All mice were anesthetized and immunized with human AChR alpha subunit emulsified in CFA (Difco, Detroit, MI) or immunized subcutaneously with CFA at four sites (two hind footpads and shoulders) on day 0. Then they were boosted twice (boosting days for each experiment are specified in Results) subcutaneously at four sites on the back. Mice were terminated 28 days after the third immunization. For clinical examination, mice were left for 3 minutes on a flat platform and were observed for signs of gMG. Clinical muscle weakness was graded as follows: grade 0, normal posture, muscle strength, and mobility; grade 1, normal at rest, with muscle weakness characteristically shown by a hunchback posture, restricted mobility, and difficulty raising the head after exercise, consisting of 20 to 30 paw grips on cage top grid; grade 2, grade 1 symptoms without exercise during observation period on flat platform; grade 3, dehydrated and moribund with grade 2 weakness; and grade 4, dead. oMG was evaluated by the documentation of partial or full closure of one or both eyes. oMG severity was determined by the following scores: 25% closure of one eye, grade 0.5; 50% closure of one eye, grade 1; 75% closure of one eye, grade 1.5; and 100% closure of one eye, grade 2. If both eyes were involved, the scores were multiplied by 2. 

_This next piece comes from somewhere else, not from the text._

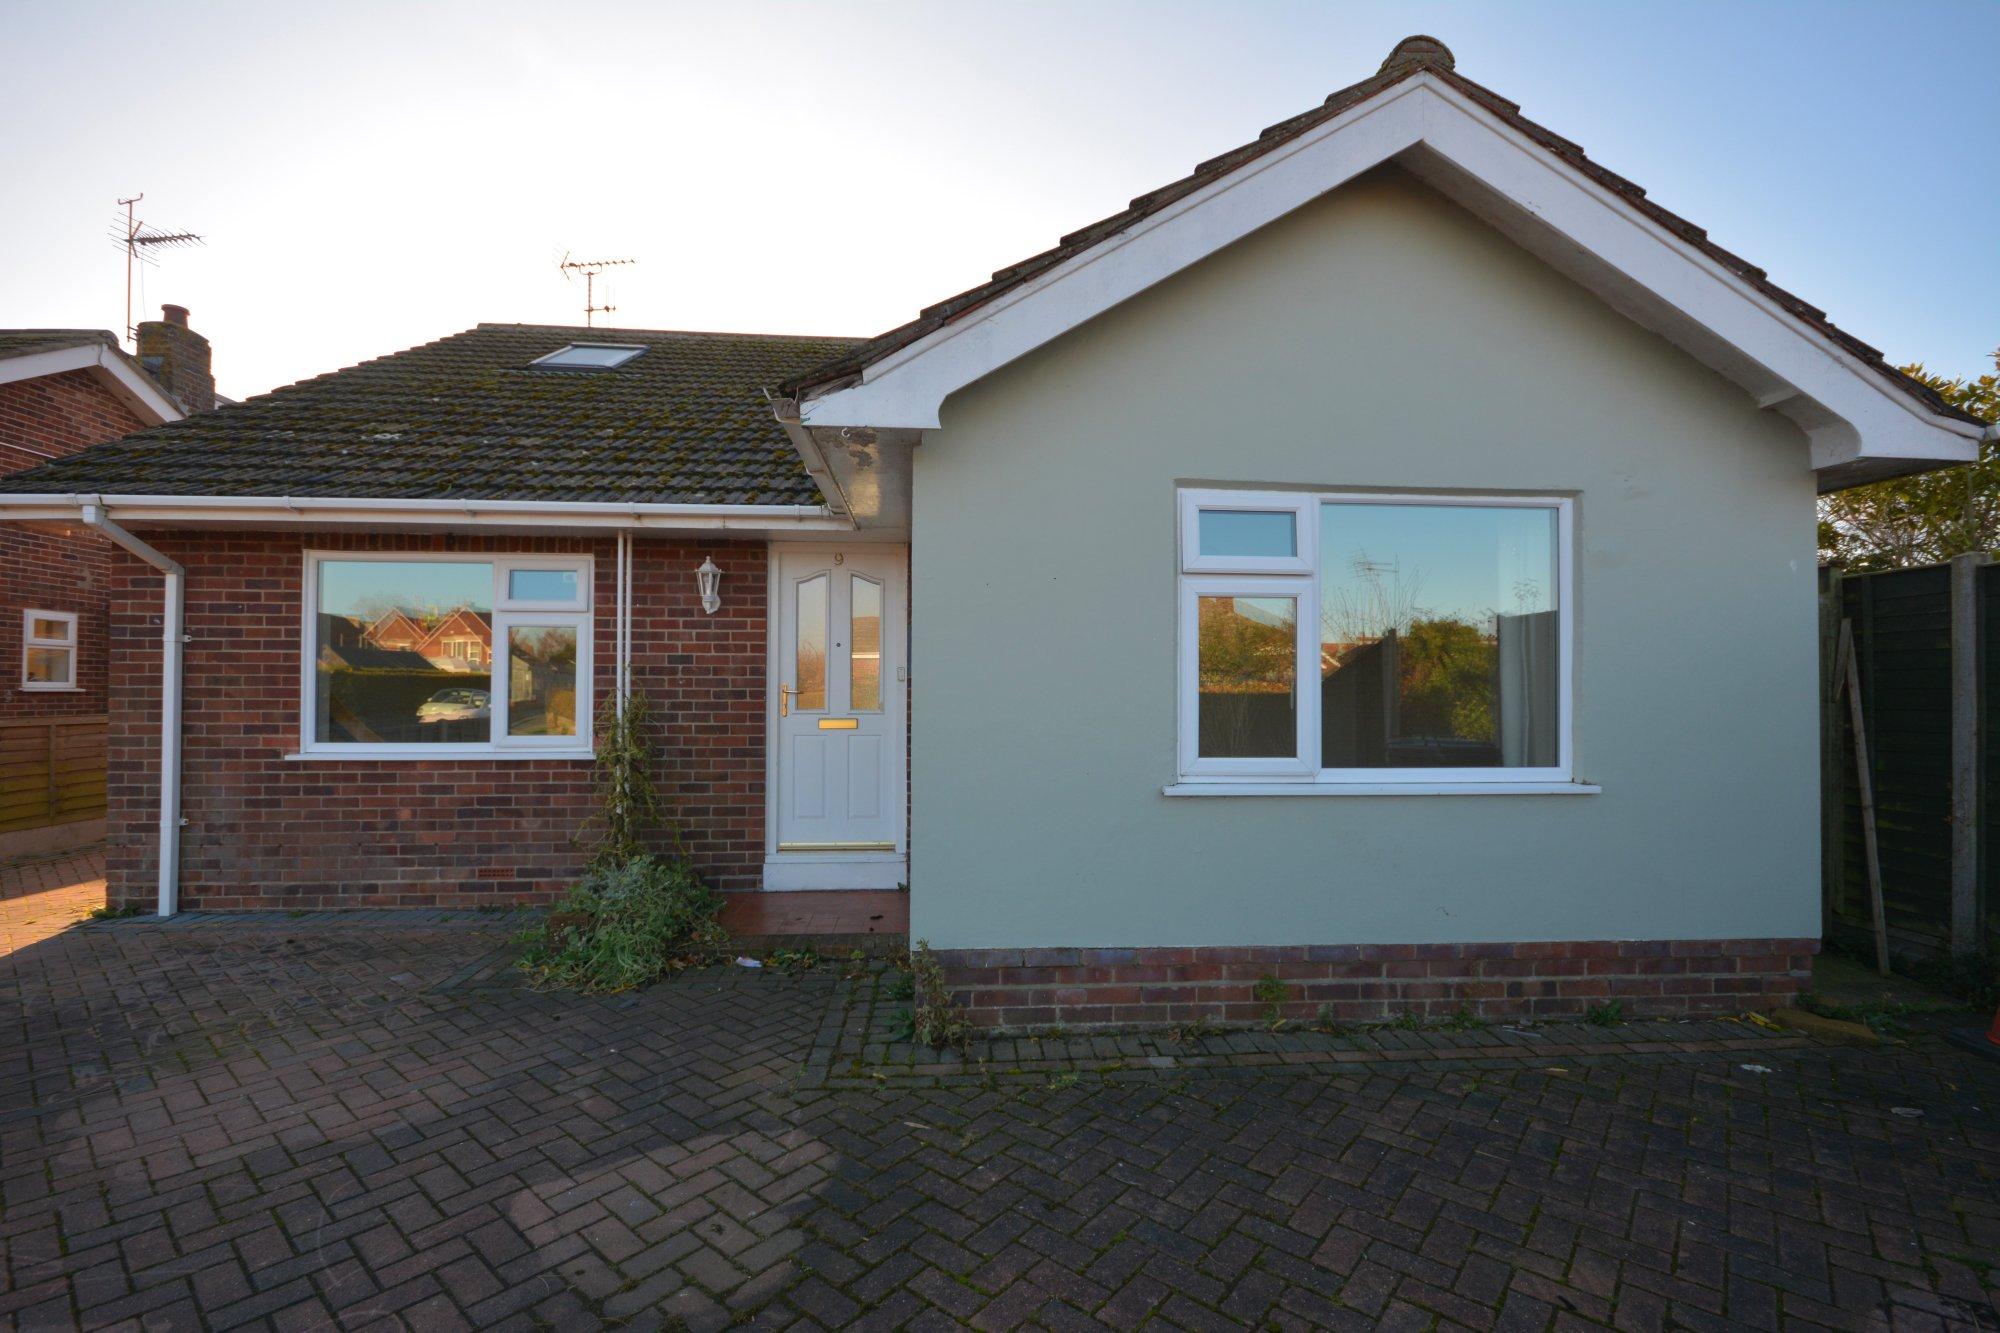 Bedroom Properties For Sale In Lowestoft

Escherichia coli BL21 (DE3) cells (Novagen, Darmstadt, Germany) were transformed with vector pET-19b with or without cloned H-AChRαP3A⁺ or P3A⁻ cDNA. The transformed colonies were selected on LB medium containing amoxicillin (50 μg/mL) and were grown overnight in a shaker at 37°C. The E. coli transformants were selected on LB_amp (50 μg/mL) agar plates. A single colony was picked to grow overnight in 5 mL LB_amp, and this culture was subsequently used to seed 500 mL LB_amp. After the culture grew to an A₆₀₀ of 0.8 to 1.0, 1 mM isopropyl β-D-1-thiogalactopyranoside was added to induce the synthesis of protein from the lac promoter and were grown at 37°C for another 1.5 hours. Cells were harvested by centrifugation at 8000g for 15 minutes. The cell pellet were washed (3×) in PBS (20 mM Na/Na phosphate buffer containing 150 mM NaCl) at pH 7.3. Cells were mixed with 6 M urea containing phenylmethylsulfonyl fluoride (1 mM), sonicated (10 seconds ×3), and incubated in a shaking water bath at 4°C for 24 hours. Protein concentration was determined by the method of Bradford, using bovine serum albumin as a standard. ¹¹ The cell extract used to immunize mice was checked for the presence of recombinant protein by Western blot analysis using both anti-his tag and anti-AChRα mAbs. 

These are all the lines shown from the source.